Alexandre ben Baruch Créhange (אָלֶכְּסַנְדֶּר בֵּן בָּרוּךְ קרעהאַנש; 10 February 1791 – 7 January 1872), who wrote under the pen name Ben Baruch, was a French Jewish writer and communal leader.

==Biography==
Créhange was born to a religious Jewish family in Étain, a small town in Lorraine, where his father worked as hazzan of the local synagogue. By 1801, the family had moved to Dijon. He moved at a young age to Germany to work at a commercial house, but returned to France after going bankrupt. There he worked as a peddler and bookkeeper in Saint-Étienne, while serving as head of the Jewish community of nearby Lyon.

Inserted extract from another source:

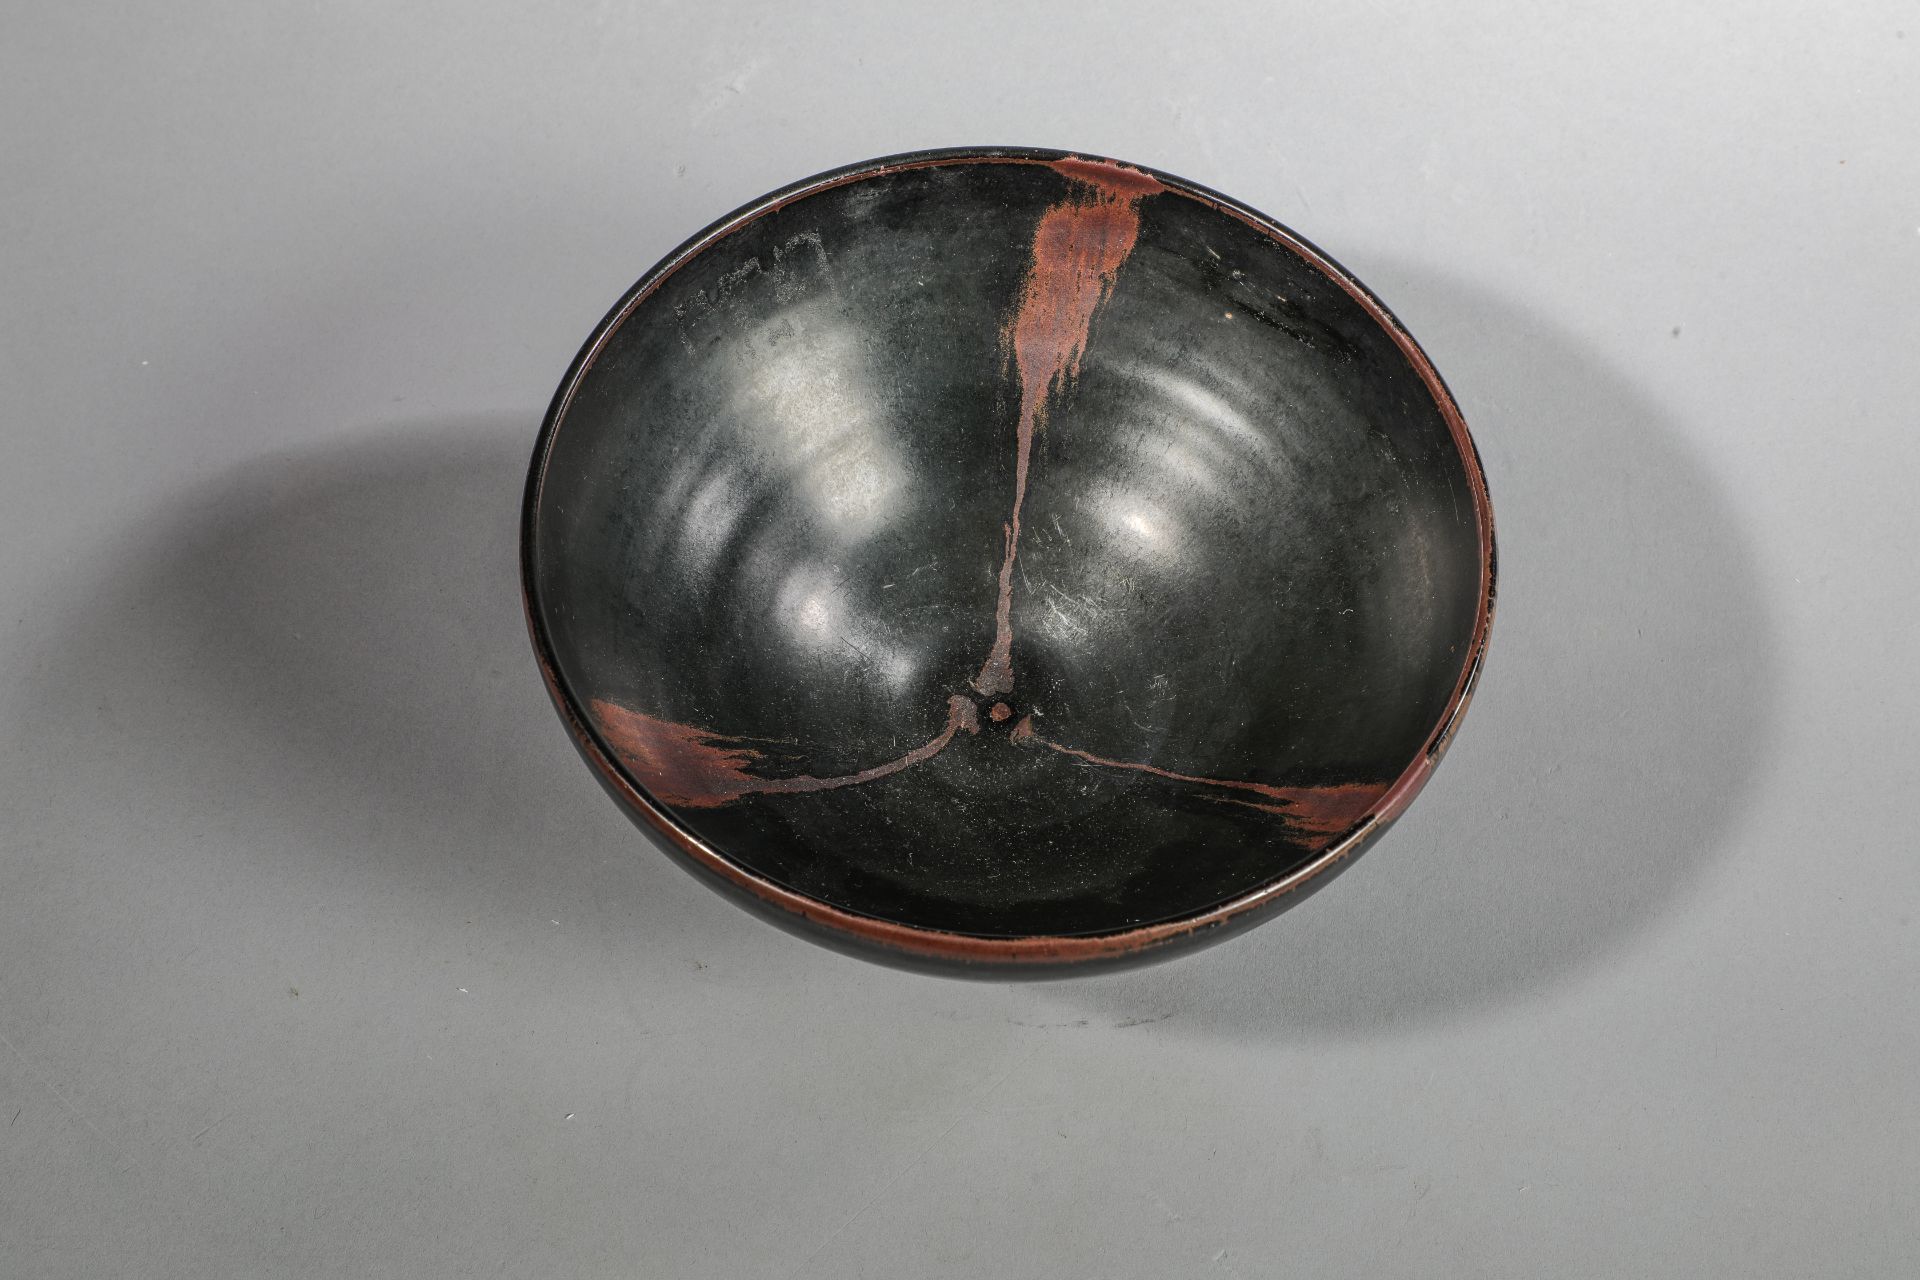 Coupe de forme lianzi sur pied en couronne en fin grès porcelaineux à glaçure monochrome noire ornée - Image 2 of 6

Créhange moved to Paris in the 1830s. A supporter of the French Revolution of 1848, he published "La Marseillaise du travail", in which he provided new words to La Marseillaise to celebrate the cause of the proletariat, and a pamphlet purporting to show how the Tanakh prescribes a republic as the optimal form of government. At the same time, he became the spokesman for the Parisian Orthodox community in a series of disputes with the Consistoire central, which he saw as representing the interests of the Jewish elite. In 1848 he organized the Club démocratique des fidèles, which promoted republicanism and civic responsibility, and started a weekly periodical, La Vérité, in which he defended the rights of the Orthodox. He ardently lobbied for the introduction of universal male suffrance in consistorial elections. Créhange also advocated against the heavy taxes imposed by the Consistoire on meat sold by butchers that it authorized as kosher, the sale of seats and aliyot in the synagogue, the costly dues for burial rites and plots, and the ban on private prayer assemblies.

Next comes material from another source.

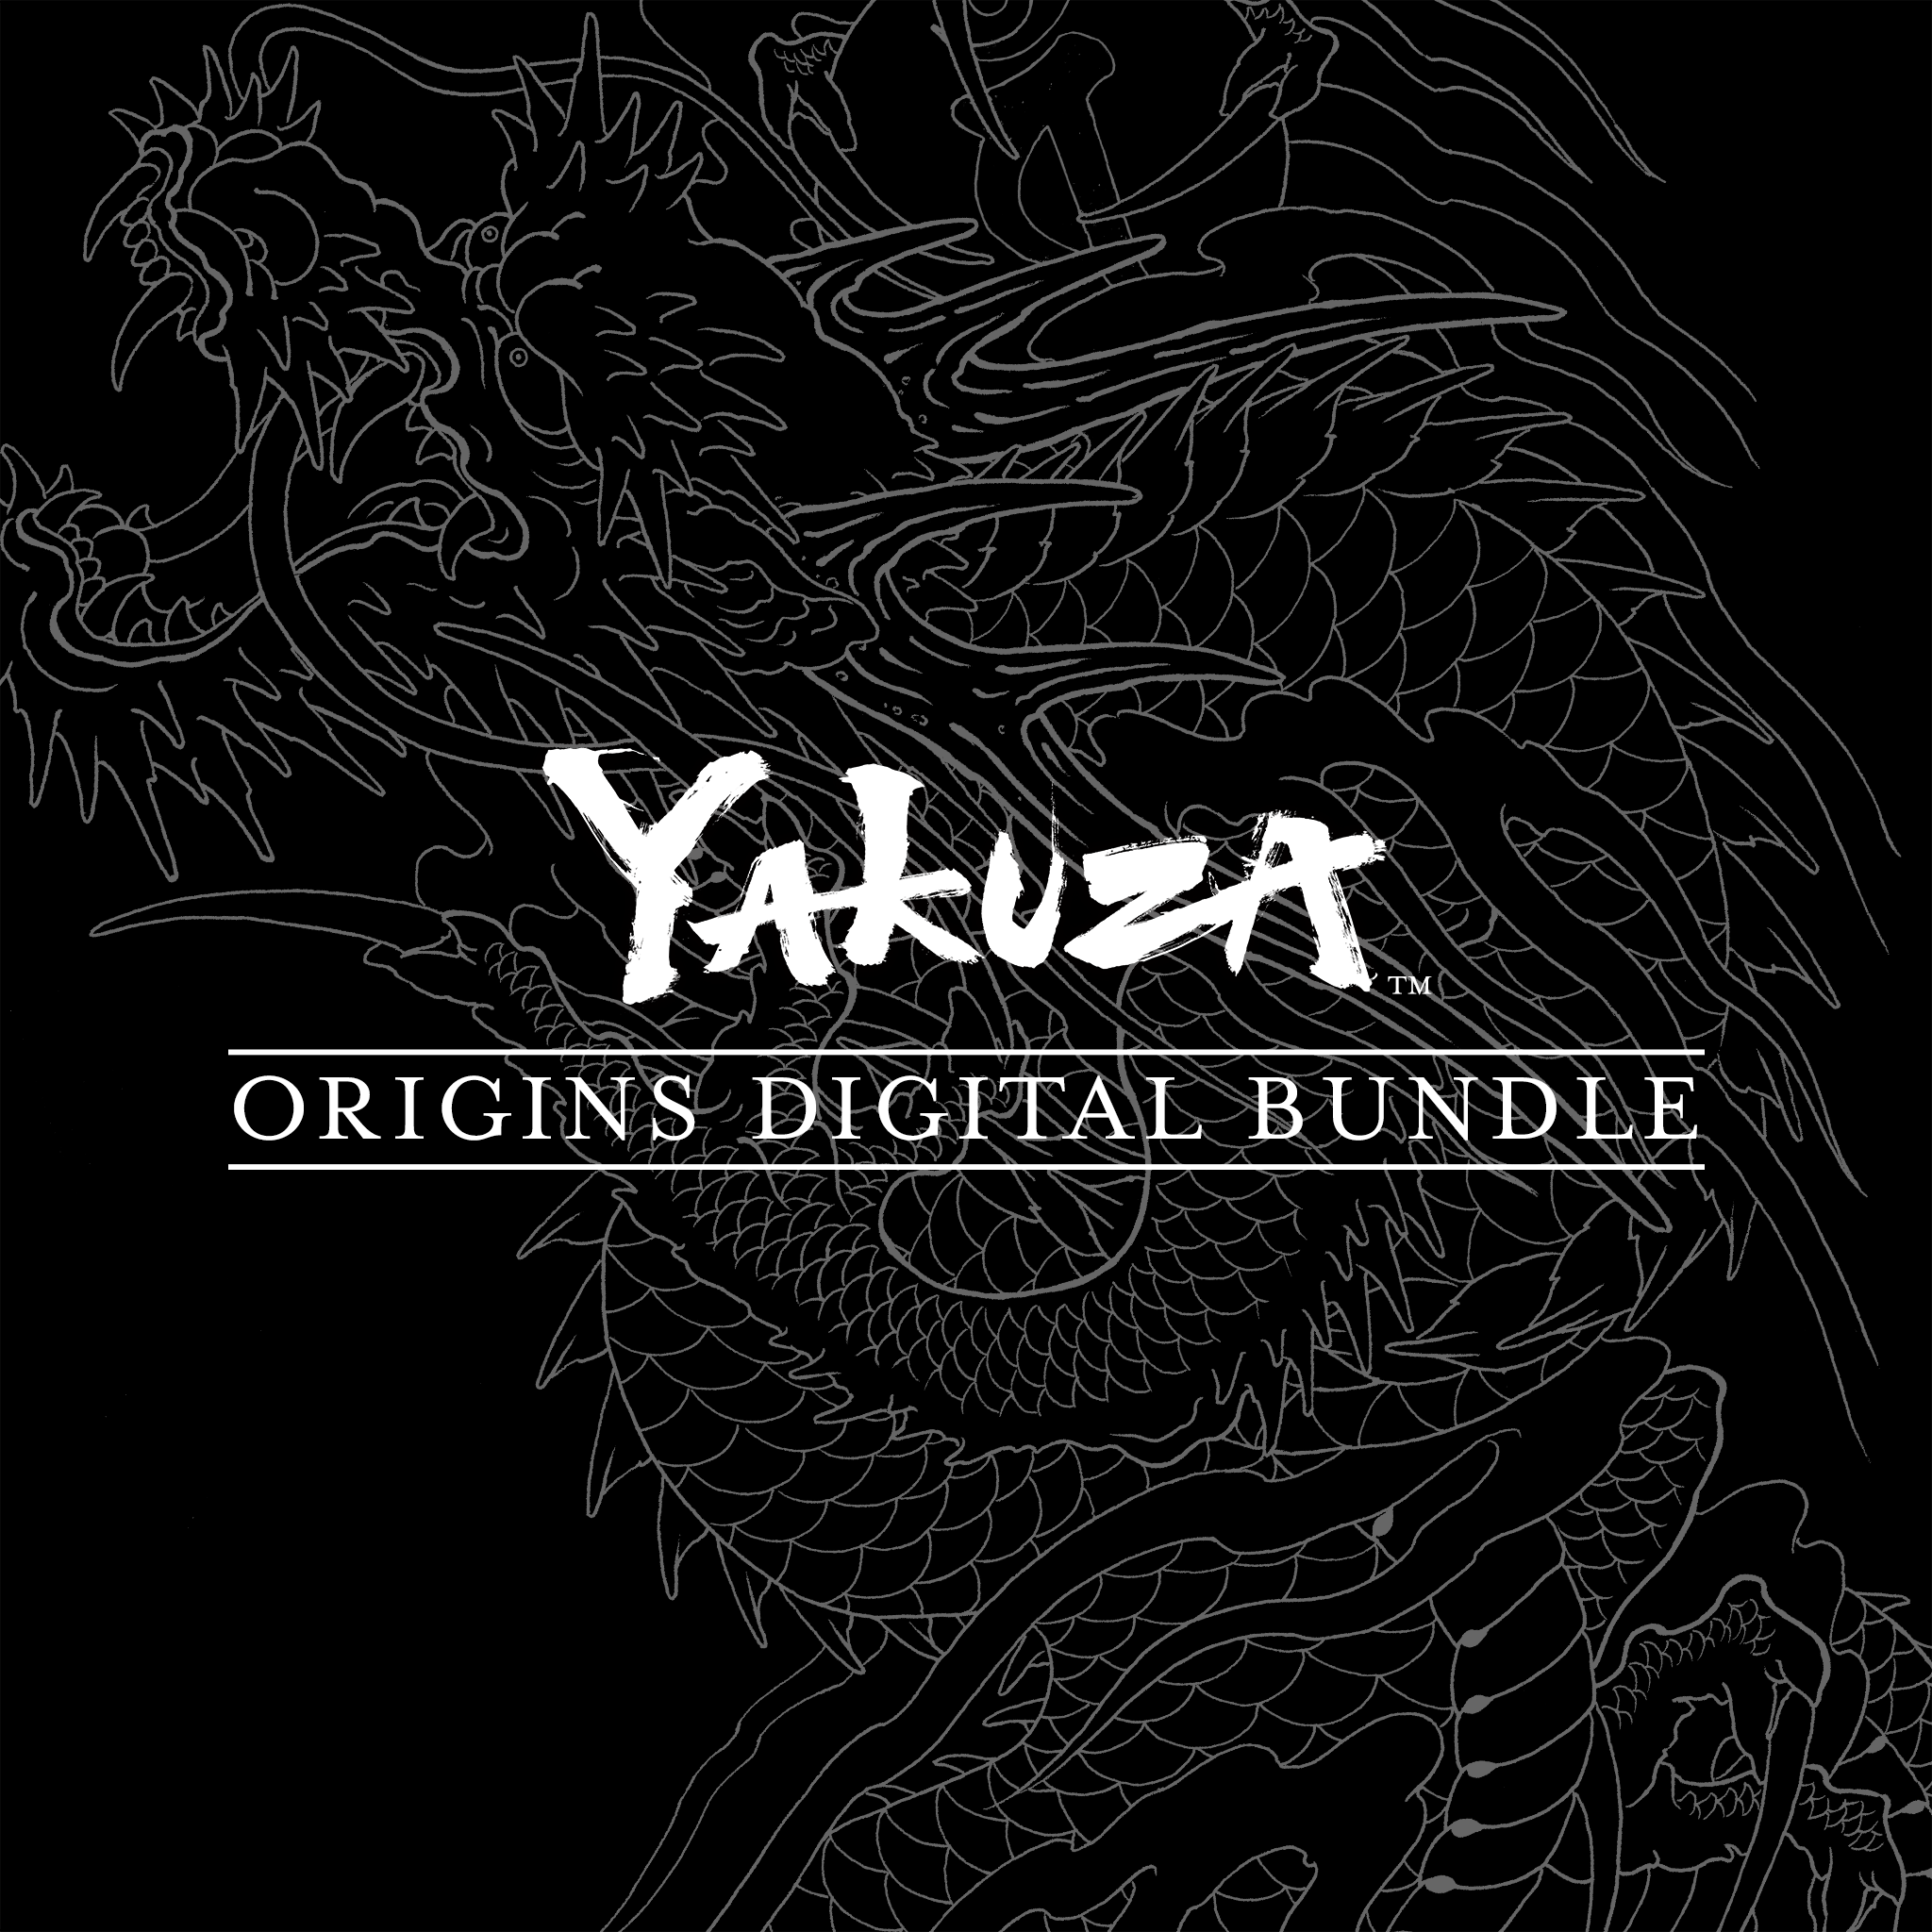 The Yakuza Origins Digital Bundle

Créhange was one of the ten founders of the Alliance Israélite Universelle, of which he served as vice-president in 1863–1864, and would later become secretary of the Comité de Bienfaisance Israélite and the Consistoire central.

==Publications==
Créhange translated and edited a number of liturgical volumes during the Second Empire. In 1846, Créhange published in two volumes a French translation of the Tseno Ureno under the title La Semaine Israélite, ou le Tzeéna Ouréna Moderne, Entretiens de Josué Hadass avec sa Famille sur les Saintes Ećritures. He also published a translation into French of the Hagaddah (1847); a book of prayers of the French Jews entitled Tefillat 'Adat Yeshurun (1850); Minḥah Ḥadashah, prayers of the Sephardic Jews (1855); an illustrated translation of Tehillim (1858); festival prayers for the use of Franco-Spanish and Franco-Portuguese Jews (6 vols., 1861–63); and from 1850 to 1872 an almanac, Annuaire Parisien.

He edited two periodicals: La paix, revue religieuse, morale et littéraire (1846) and Annuaire parisien du culte israélite (1851–71).